- Records
------------------------------

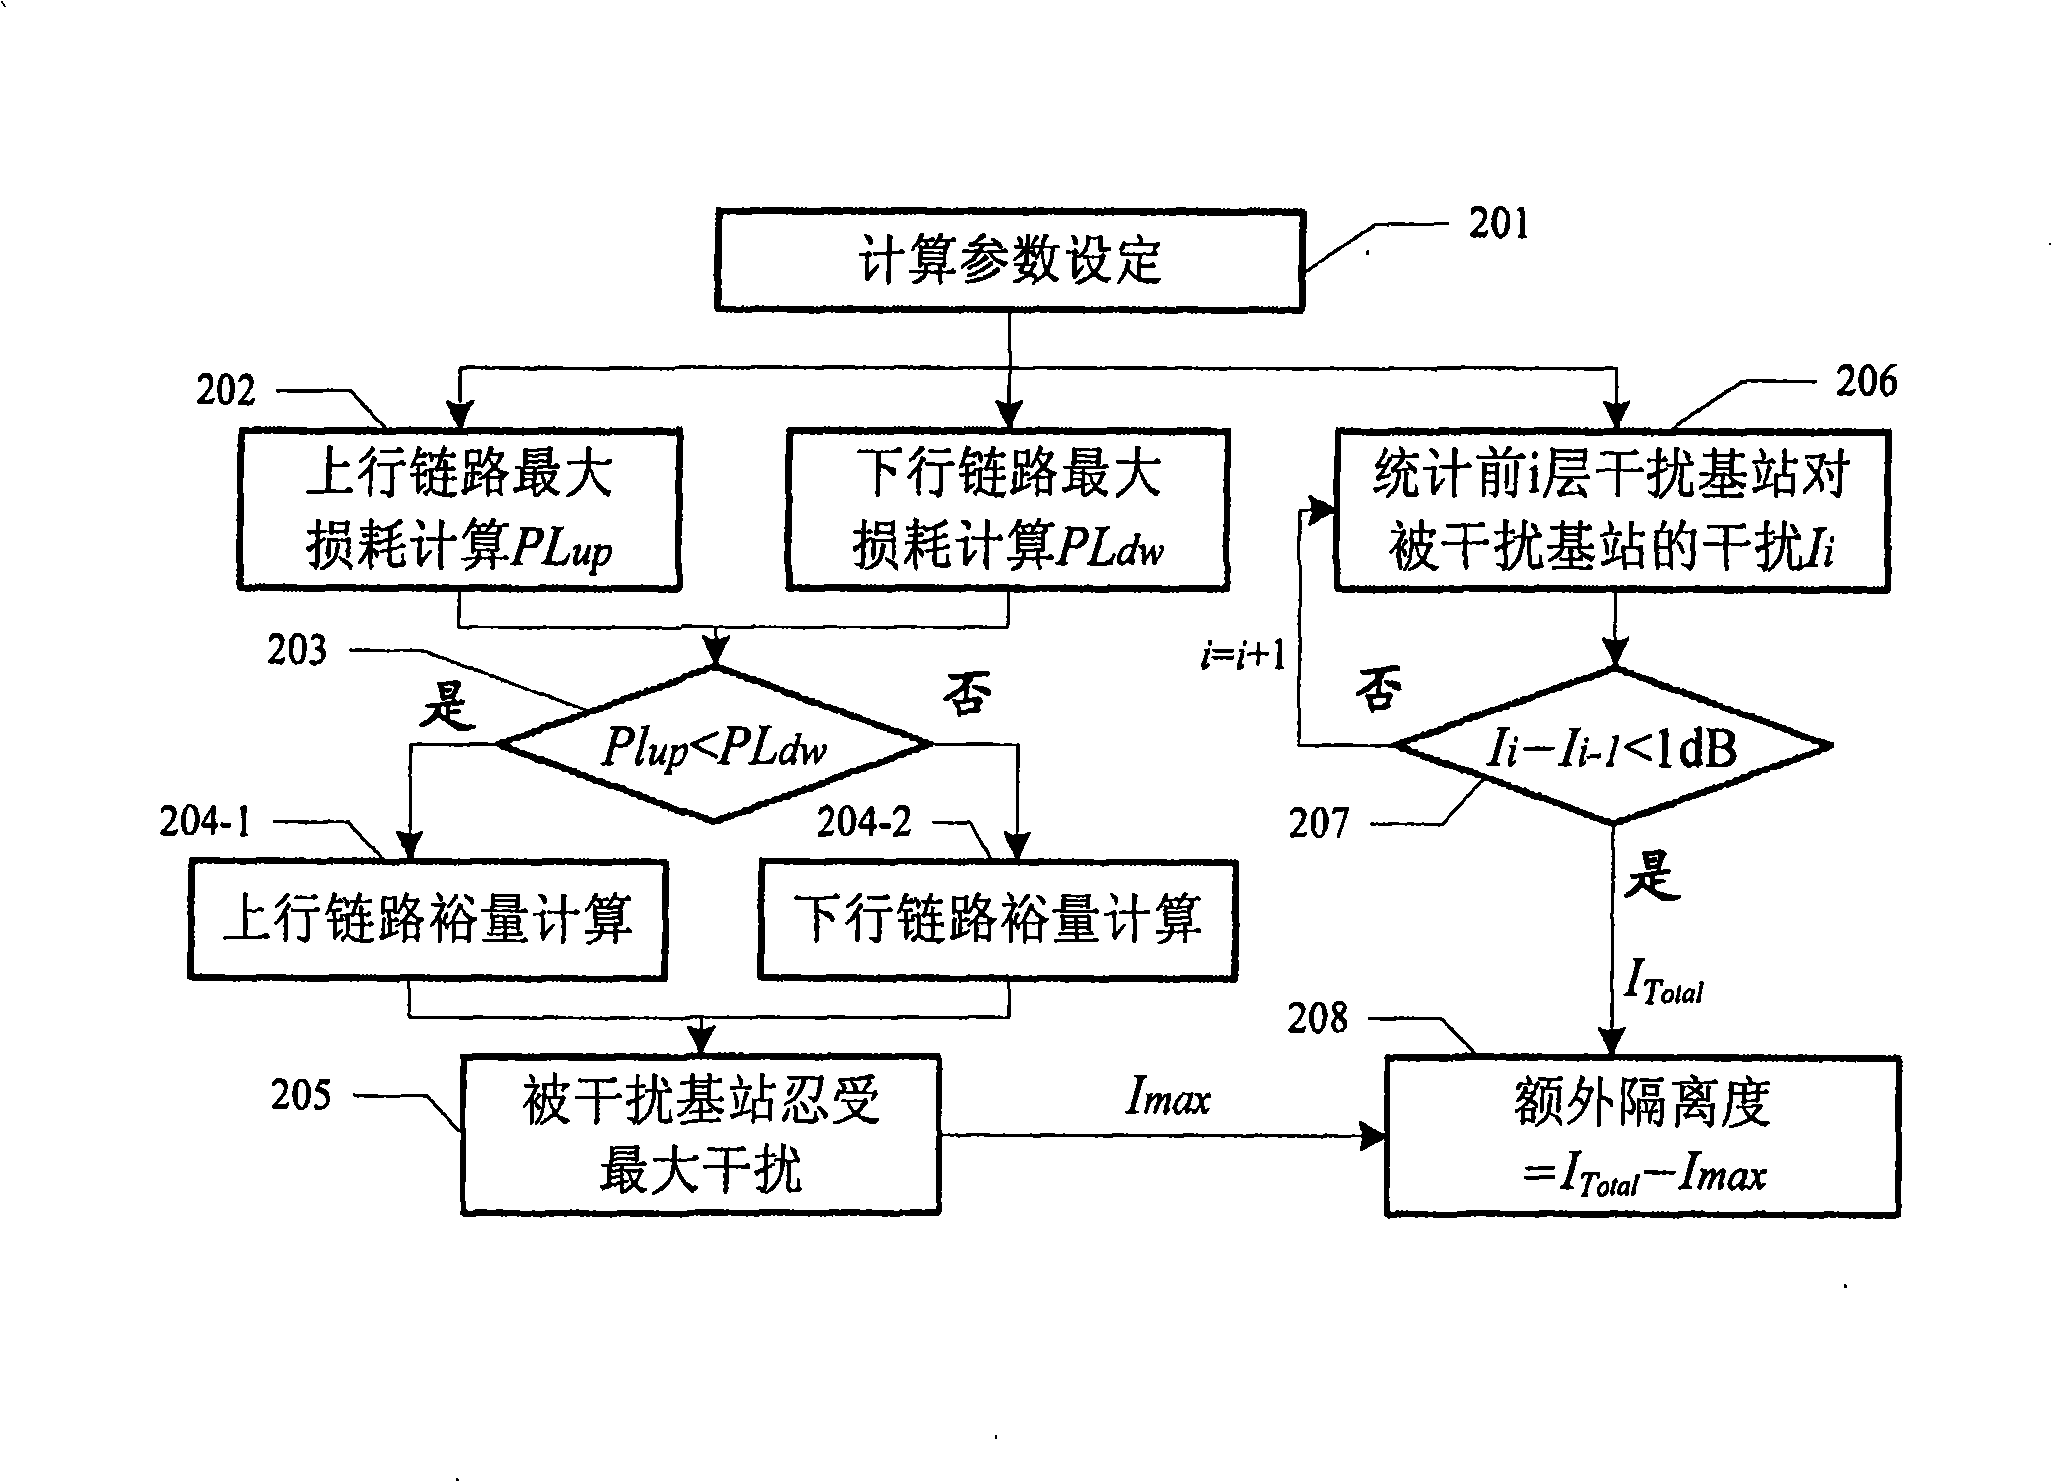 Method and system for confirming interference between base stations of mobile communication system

------------------------------

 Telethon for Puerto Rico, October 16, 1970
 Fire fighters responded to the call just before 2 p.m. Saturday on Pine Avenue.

------------------------------

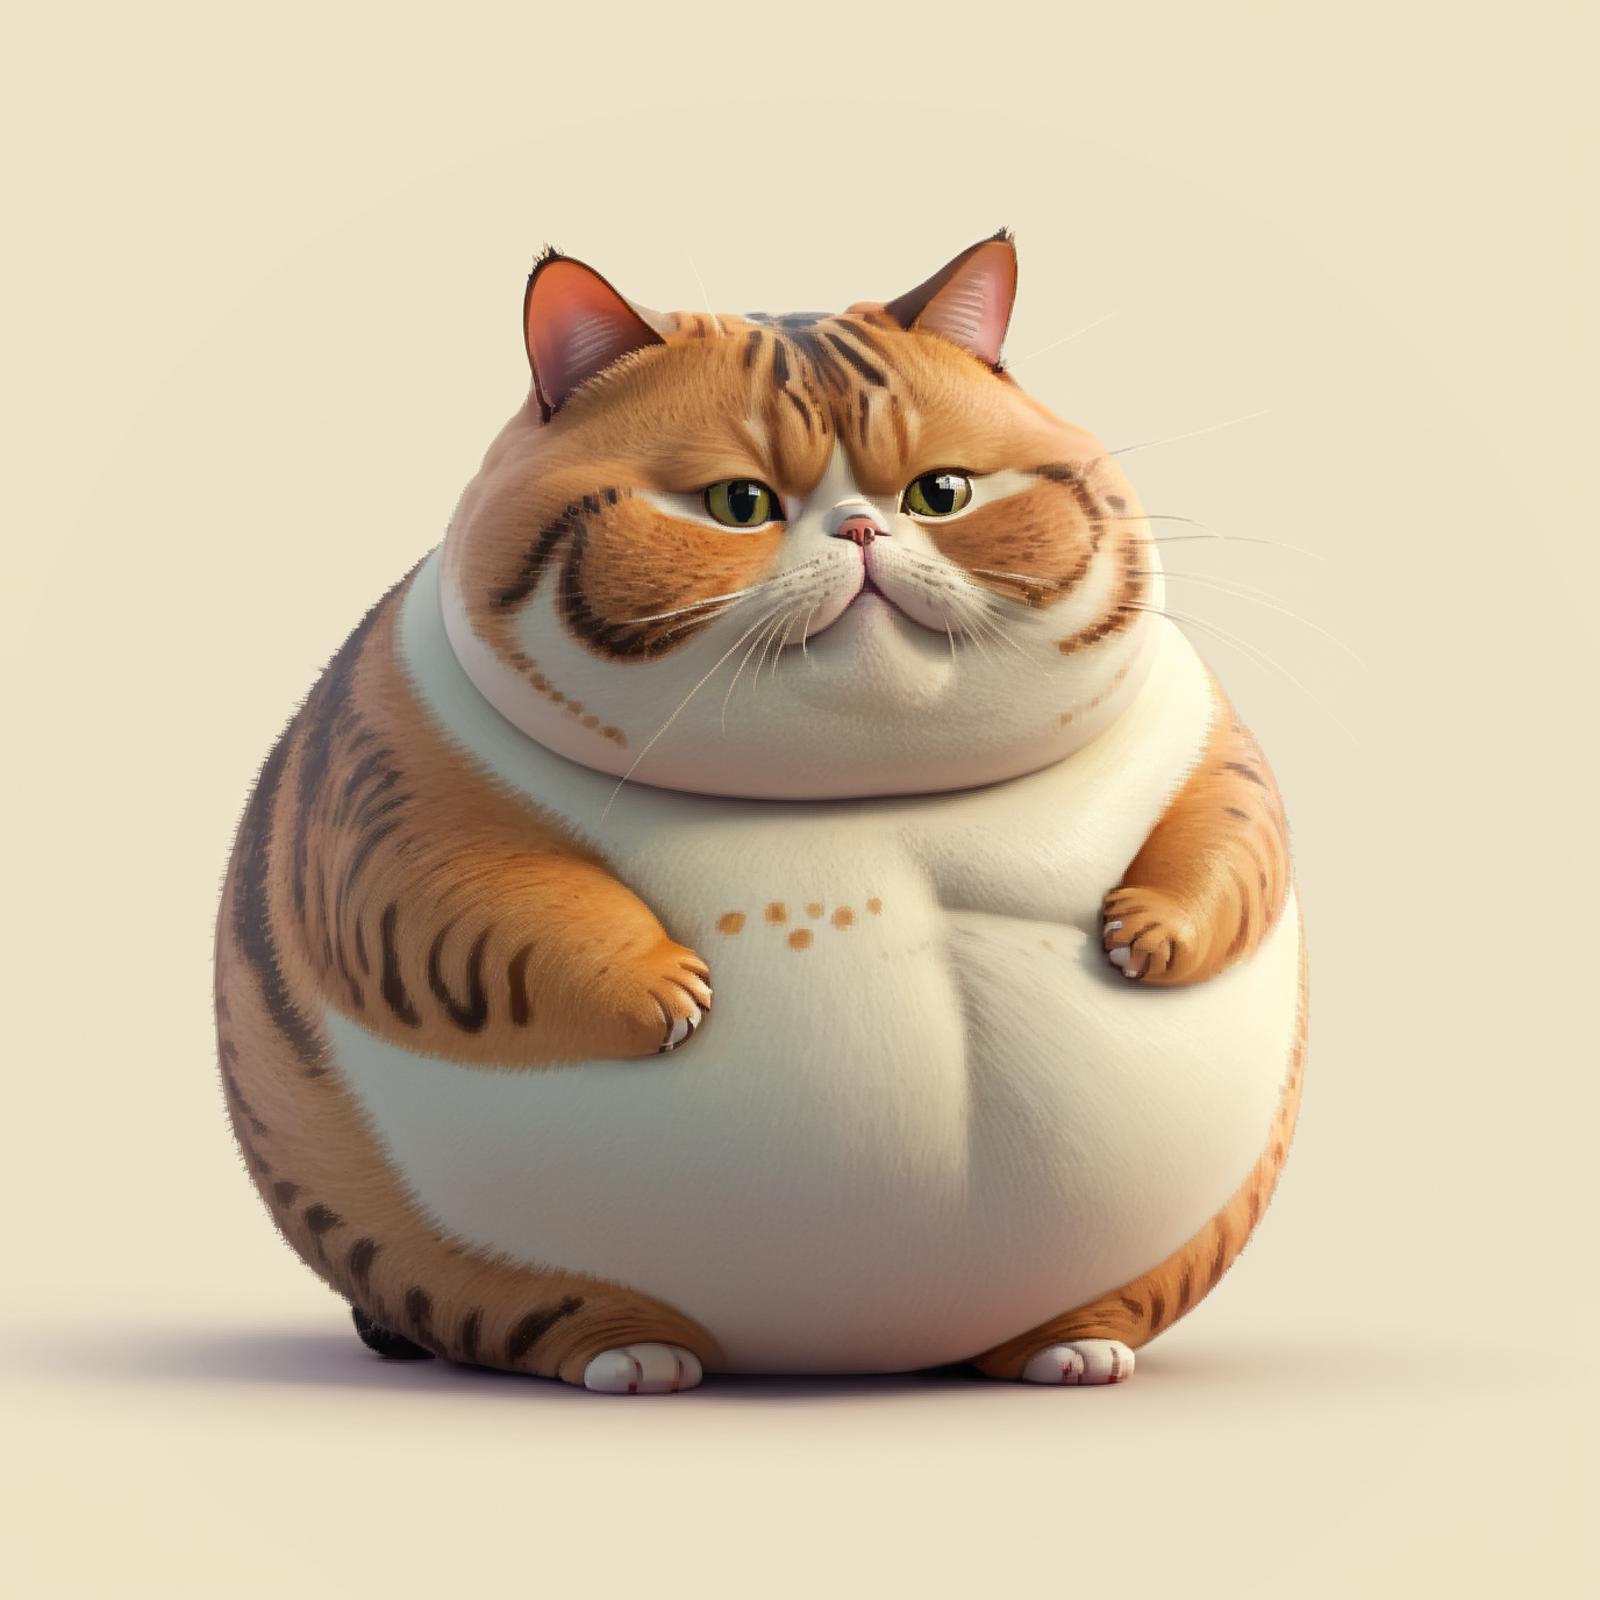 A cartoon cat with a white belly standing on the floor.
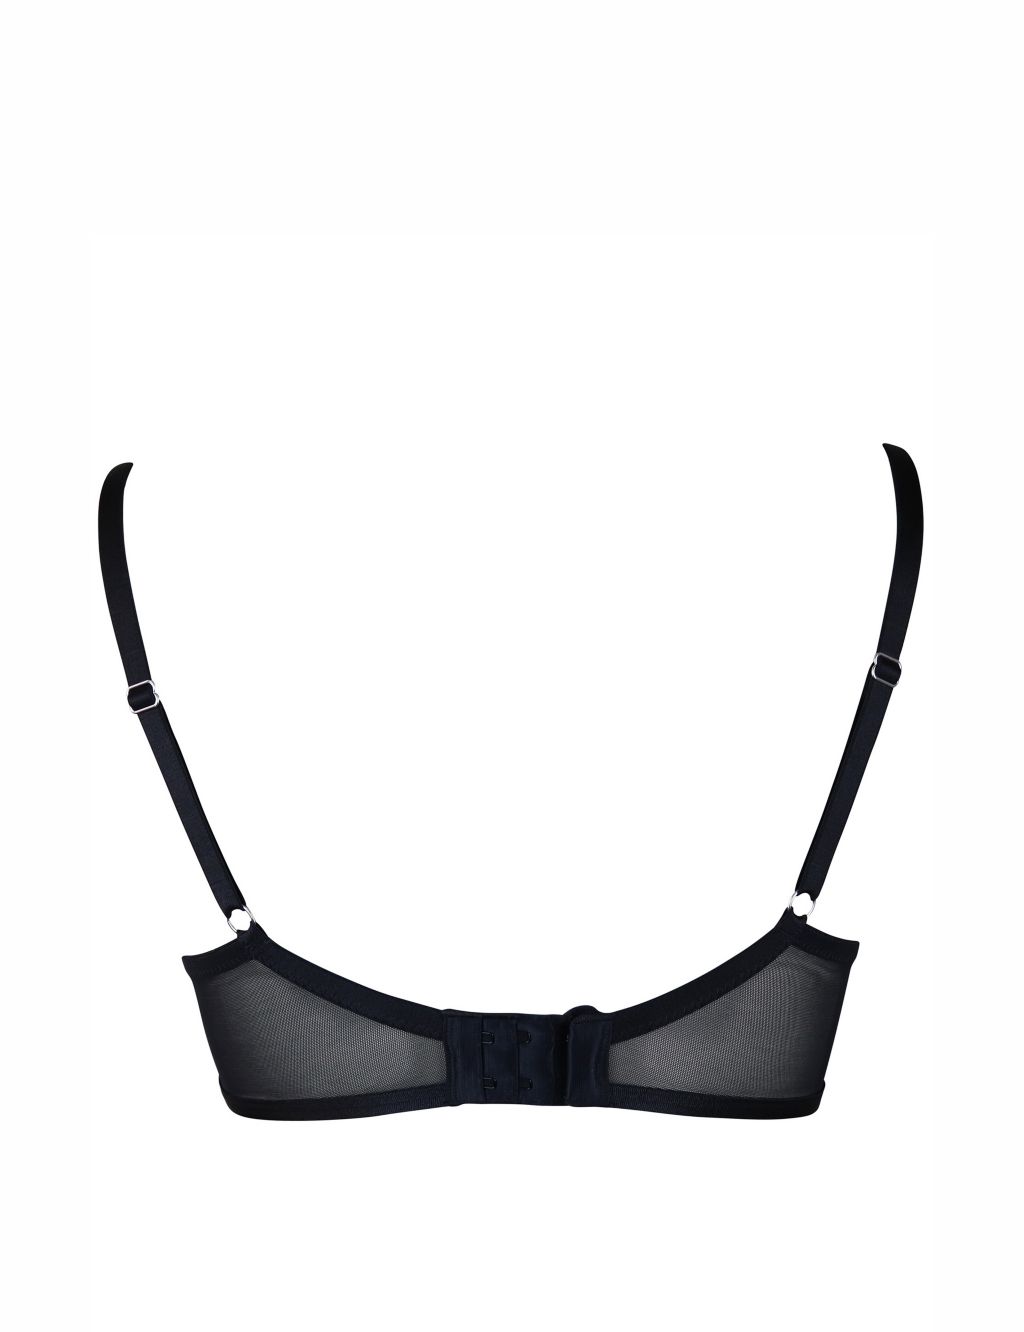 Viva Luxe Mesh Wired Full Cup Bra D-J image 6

------------------------------

- Your task
The exact lines of the material above starting at the one that contains "Telethon for Puerto Rico, October 16, 1970" and ending at the one that contains "Fire fighters responded" are what to retype; leave out everything else.

- Answer to this problem
 Telethon for Puerto Rico, October 16, 1970
 Fire fighters responded to the call just before 2 p.m. Saturday on Pine Avenue.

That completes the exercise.